Amphtml: AMP Cache triggers reCaptcha Challenge Page

Created on 22 Dec 2018  Â·  36Comments  Â·  Source: ampproject/amphtml

What's the issue?

When the AMP cache tries to fetch our AMP page, it is receiving the reCaptcha challenge page instead of our AMP page.
@torch2424 Suggested that this might be a cache issue

How do we reproduce the issue?

  1. Visit https://www.google.com/amp/s/www.redfin.com/UT/Park-City/6434-Silver-Lake-Dr-84060/home/71407701/amp (Or search "6434 Silver Lake Dr Redfin")

  2. An error page will come up
    screen shot 2018-12-21 at 4 22 05 pm

  3. Click "Debug original page."
    (Might need to throttle to slow 3g to click it in time)

  4. The mark up in the AMP validator is for the recaptcha challenge page (and thus not valid amp)

What browsers are affected?

All browsers

Which AMP version is affected?

Version 1812181822170

Soon Stale Bug viewers

All 36 comments

cc @Gregable @honeybadgerdontcare Just wanted to check in and was wondering if this is a cache issue?

Though after playing with this myself, the way the Cache works is that we go ahead and crawl AMP pages to be served. Thus, if the page gets crawled by a bot, then you are probably serving the recaptcha to the bot crawling the page.

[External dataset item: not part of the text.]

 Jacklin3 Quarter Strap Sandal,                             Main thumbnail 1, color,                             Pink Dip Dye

This explains it much better than I do.

And @sebastianbenz actually has a good article on how to allow the AMP crawler to access your pages: https://medium.com/google-developers/how-to-avoid-common-mistakes-when-publishing-accelerated-mobile-pages-9ea61abf530f

Check that out and let me know how it goes. Thanks! 😄

@honeybadgerdontcare We do that when we don't want the users to see an amp page temporarily and see the canonical instead but the google search still has the AMP page indexed. Is it something that is not recommended? According to this (https://developers.google.com/search/docs/guides/remove-amp#remove-only-amp) it seems like it is ok to return a 302.

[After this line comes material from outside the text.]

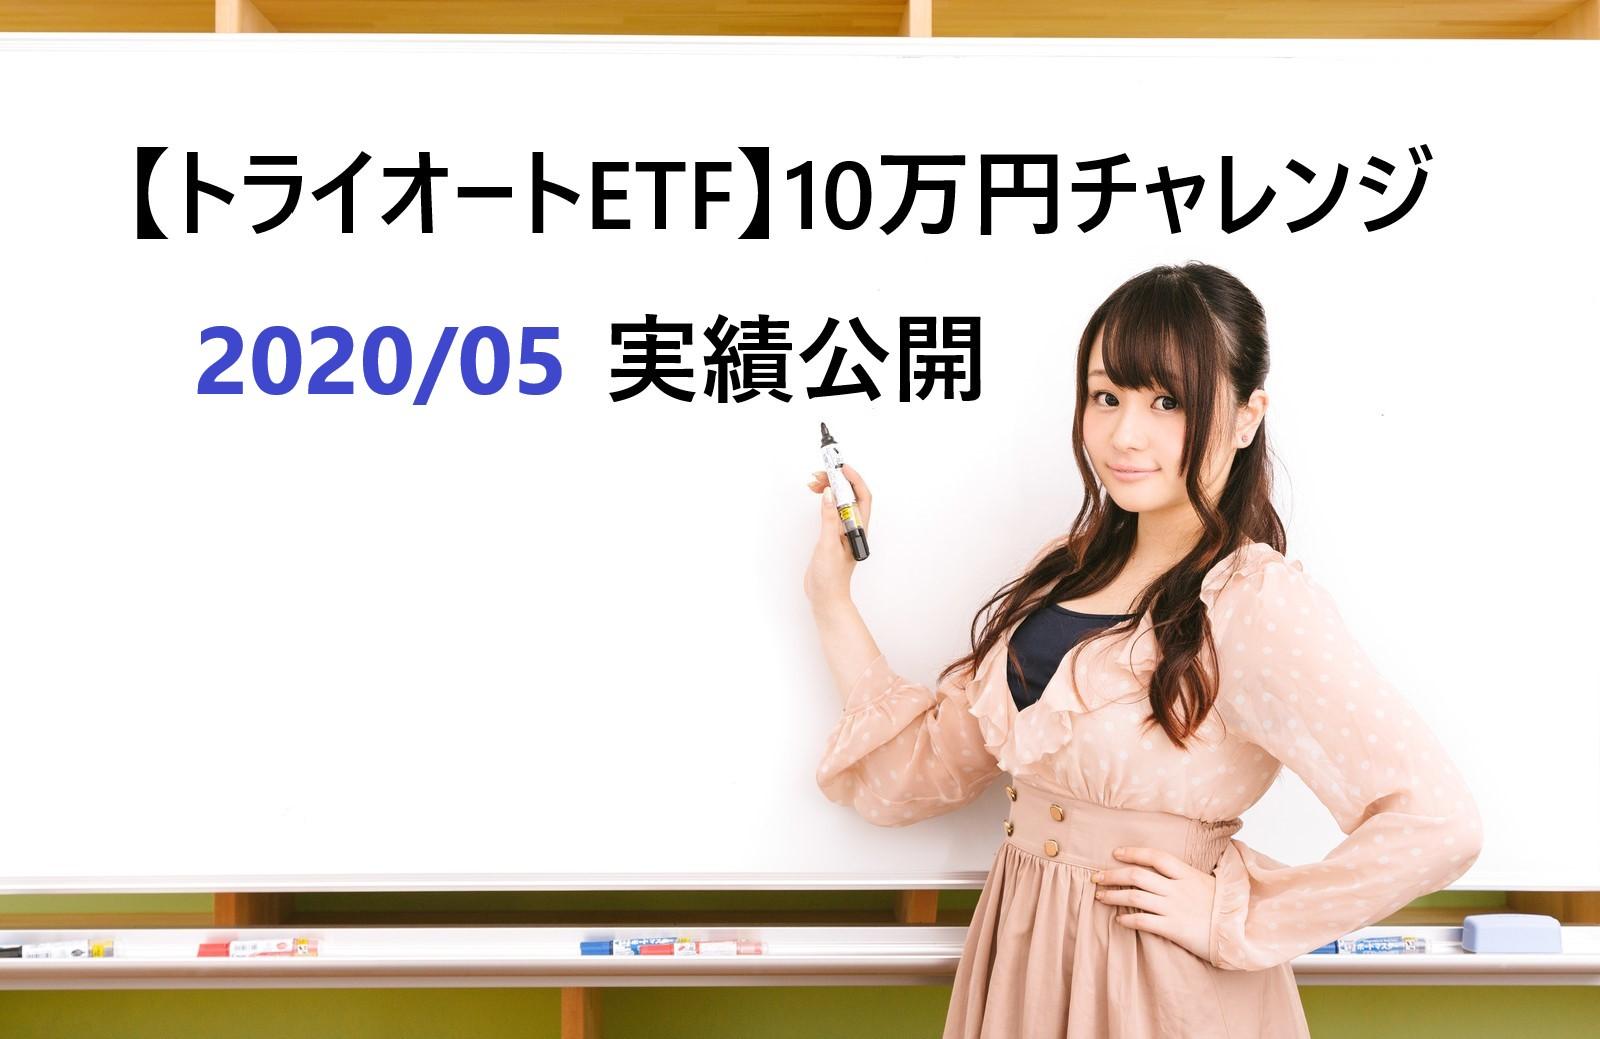 triauto-etf-challenge-202005

@torch2424 So if I understand it correctly, are you saying that the googlebot that crawled the site saw a recaptcha challenge page and that's why the AMP cache is serving that?

@acsant The comment you made to @honeybadgerdontcare we discussed briefly online that the cache would consider a redirection to a non-AMP page, a non-AMP Page. Though, they understand this better than I do, so I may be incorrect.

And the comment to me, yes, that is what it seems like it happening here 😄 Your webserver for serving the AMP page, may realize it's a bot/crawler, and is serving a recaptcha challenge to the AMP crawler, instead of the AMP document.

@torch2424 I ran the URL inspection tool from our search console on the canonical's last indexed version and the result came out saying that it has valid AMP html. If the crawler is seeing a recaptcha for the AMP html, then the inspection tools would be reporting it as an invalid AMP html if I understand it correctly?

screen shot 2018-12-21 at 8 29 37 pm

@acsant Huh that is quite strange, I'll let @honeybadgerdontcare answer that one.

But after investigating, your page does appear to be valid AMP, but it seems like it is just an amp page, that opens an iframe (with the src: https://amp.redfin.com/amp-iframe/redirect/UT/Park-City/6434-Silver-Lake-Dr-84060/home/71407701), that redirects to a non-AMP page. Is that your intended behavior? Or is it because I am on a desktop device? As mentioned before, the crawler will follow that redirection (I think?) and then whatever page it gets after that, it will consider it to be the final page (which is a non-AMP page).

Also, could explain to me your user journey for accessing the site through AMP? And how you expect the journey to be for a bot accessing the AMP site?

@torch2424 We came up with this behavior because we were having issues removing AMP pages from the cache after we unlinked the AMP page from the canonical page. We are running AMP as an experiment right now, so we wanted some kind of "kill-switch" behavior to stop serving AMP pages when we turned off the experiment. The AMP crawler seemed to have been ignoring the 302 we were sending originally when we tried unlinking our AMP page. So, we decided to serve a simple AMP page that redirects a user to the canonical as our kill switch. Ideally, in this case, we would just not show an AMP page at all, but we've run into issues where the crawler fetches the canonical page and thinks it's supposed to be an AMP page.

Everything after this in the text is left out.